● Task directions
Give an exact copy of the data that follows, but none of its pictures.

● Dataset content
'''

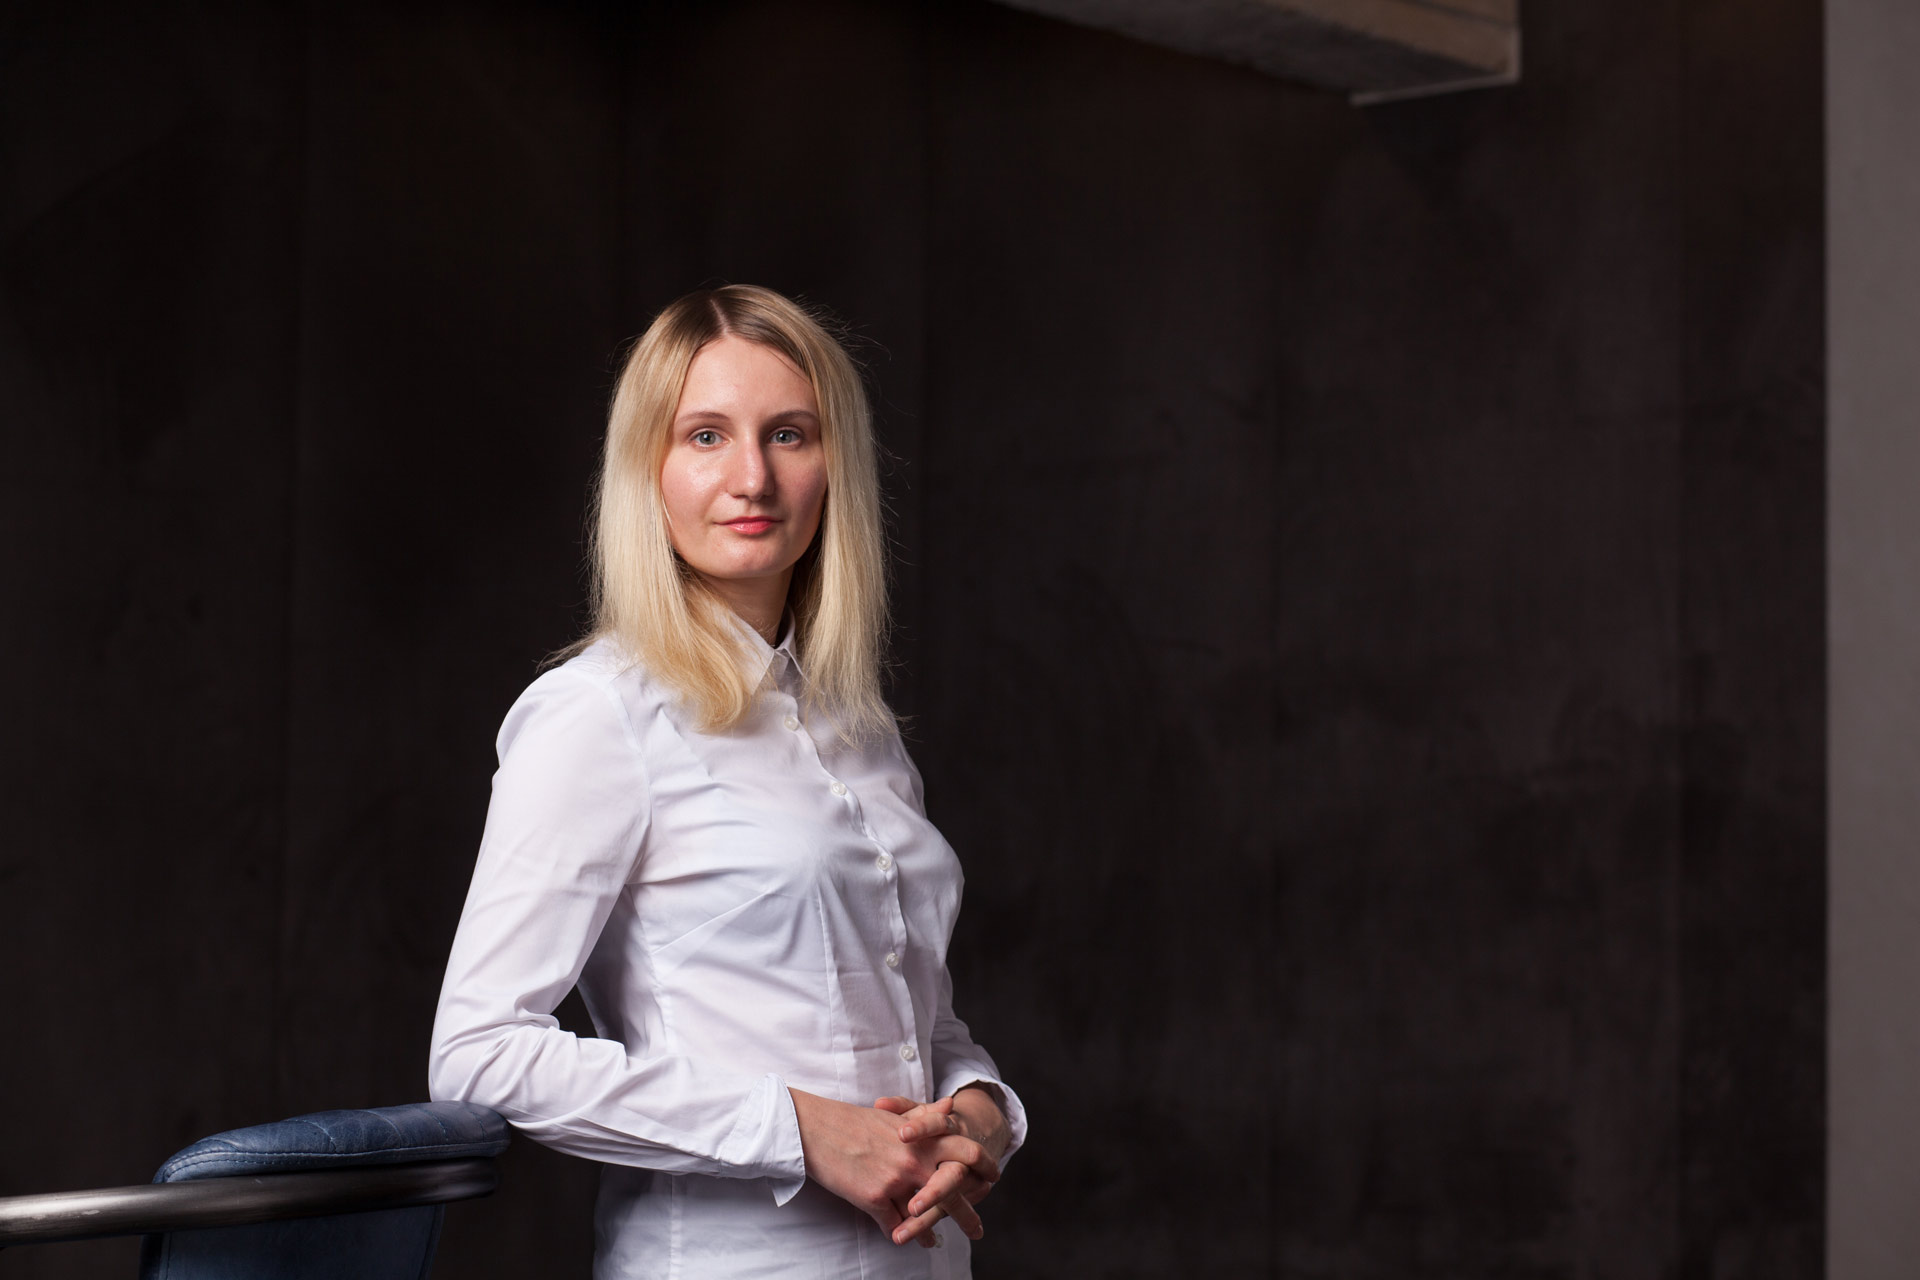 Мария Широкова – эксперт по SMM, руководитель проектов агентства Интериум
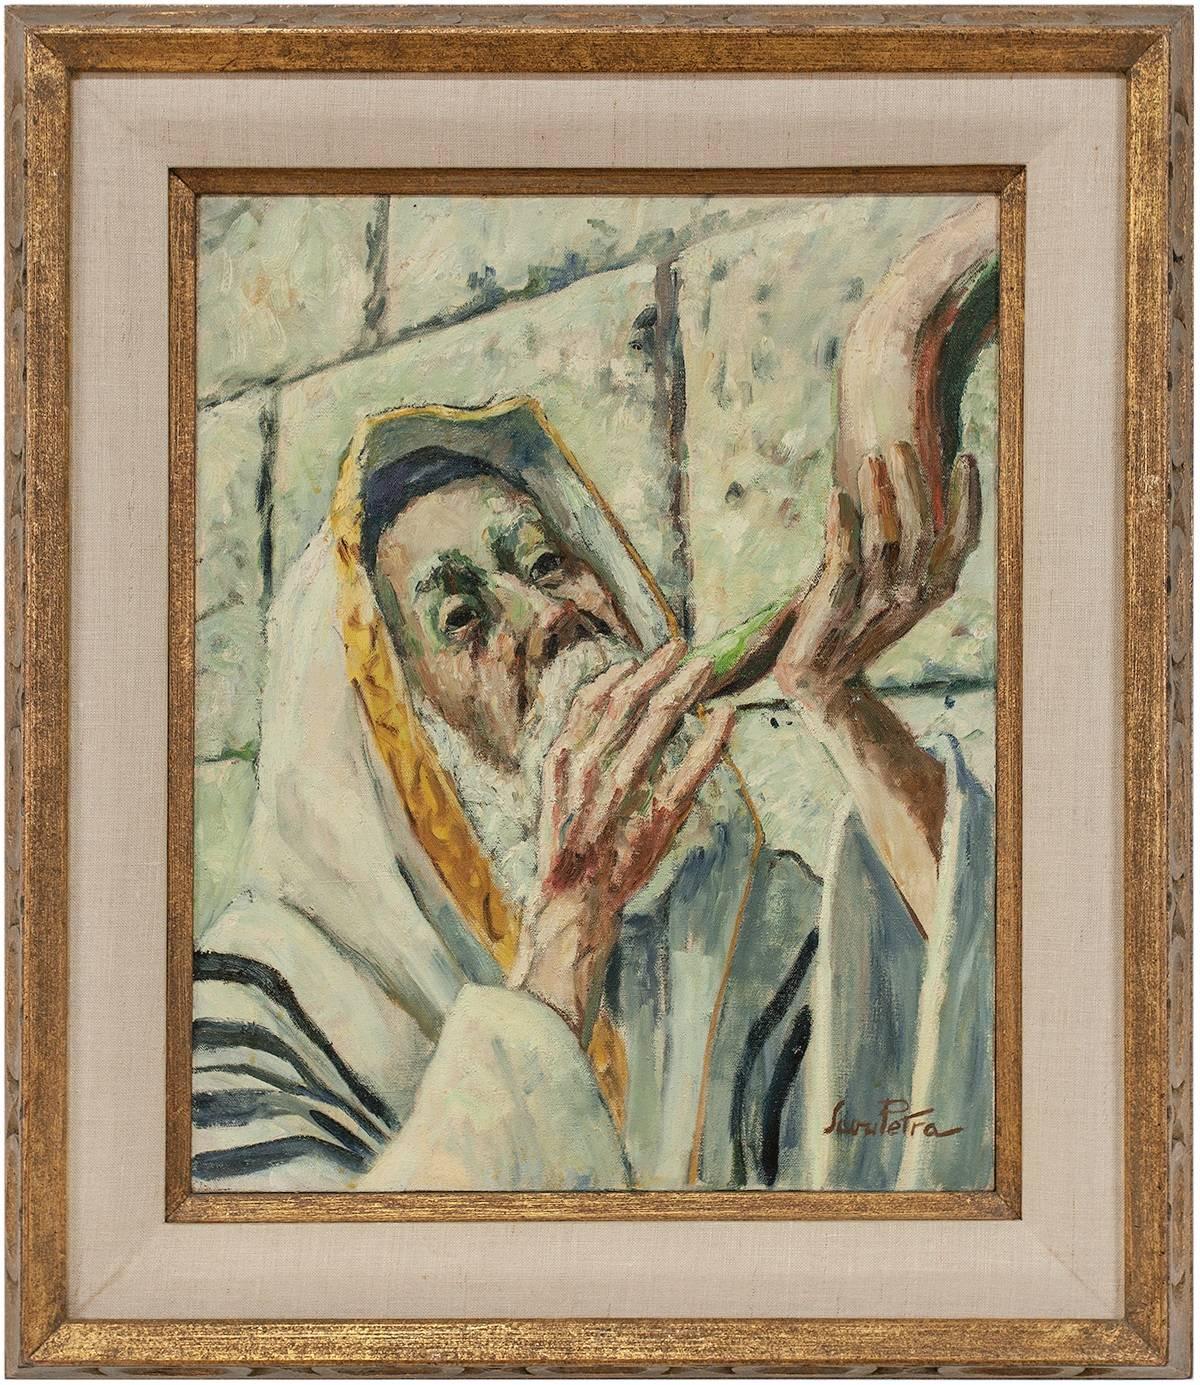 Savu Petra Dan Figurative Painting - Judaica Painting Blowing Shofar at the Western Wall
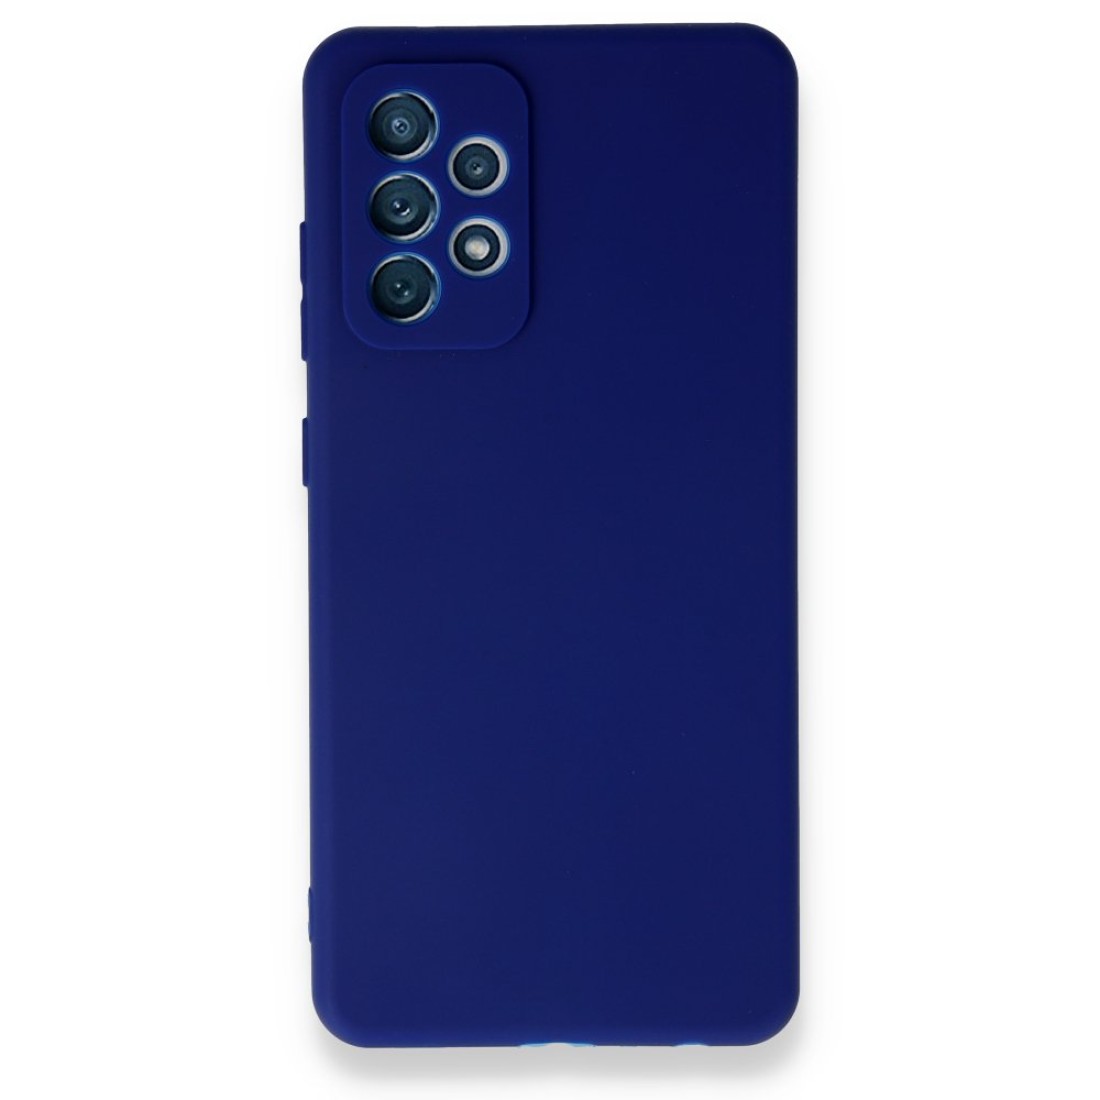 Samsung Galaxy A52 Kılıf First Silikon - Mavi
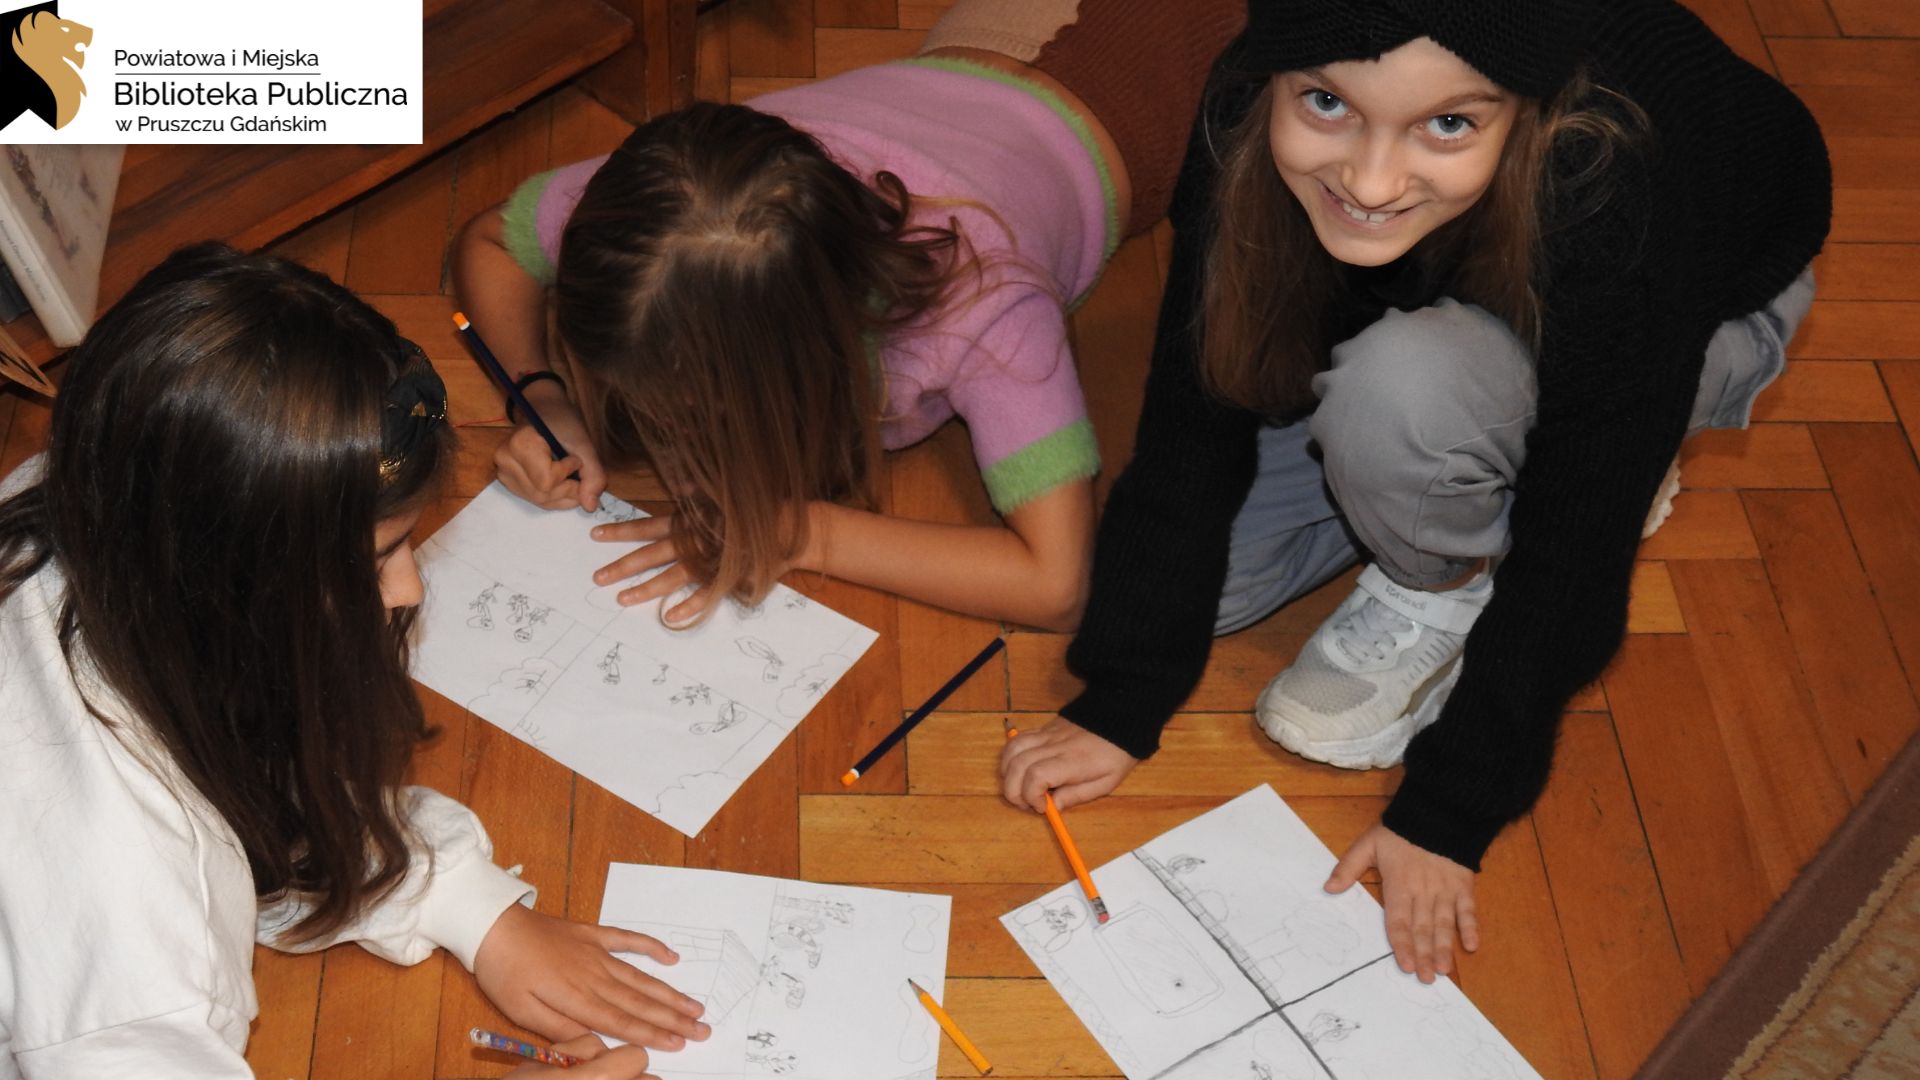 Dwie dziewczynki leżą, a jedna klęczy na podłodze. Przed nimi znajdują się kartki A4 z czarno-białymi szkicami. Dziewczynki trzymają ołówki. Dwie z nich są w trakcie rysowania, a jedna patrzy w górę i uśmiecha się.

'''

● Exercise answer
 Мария Широкова – эксперт по SMM, руководитель проектов агентства Интериум
 Savu Petra Dan Figurative Painting - Judaica Painting Blowing Shofar at the Western Wall
 Samsung Galaxy A52 Kılıf First Silikon - Mavi
 Dwie dziewczynki leżą, a jedna klęczy na podłodze. Przed nimi znajdują się kartki A4 z czarno-białymi szkicami. Dziewczynki trzymają ołówki. Dwie z nich są w trakcie rysowania, a jedna patrzy w górę i uśmiecha się.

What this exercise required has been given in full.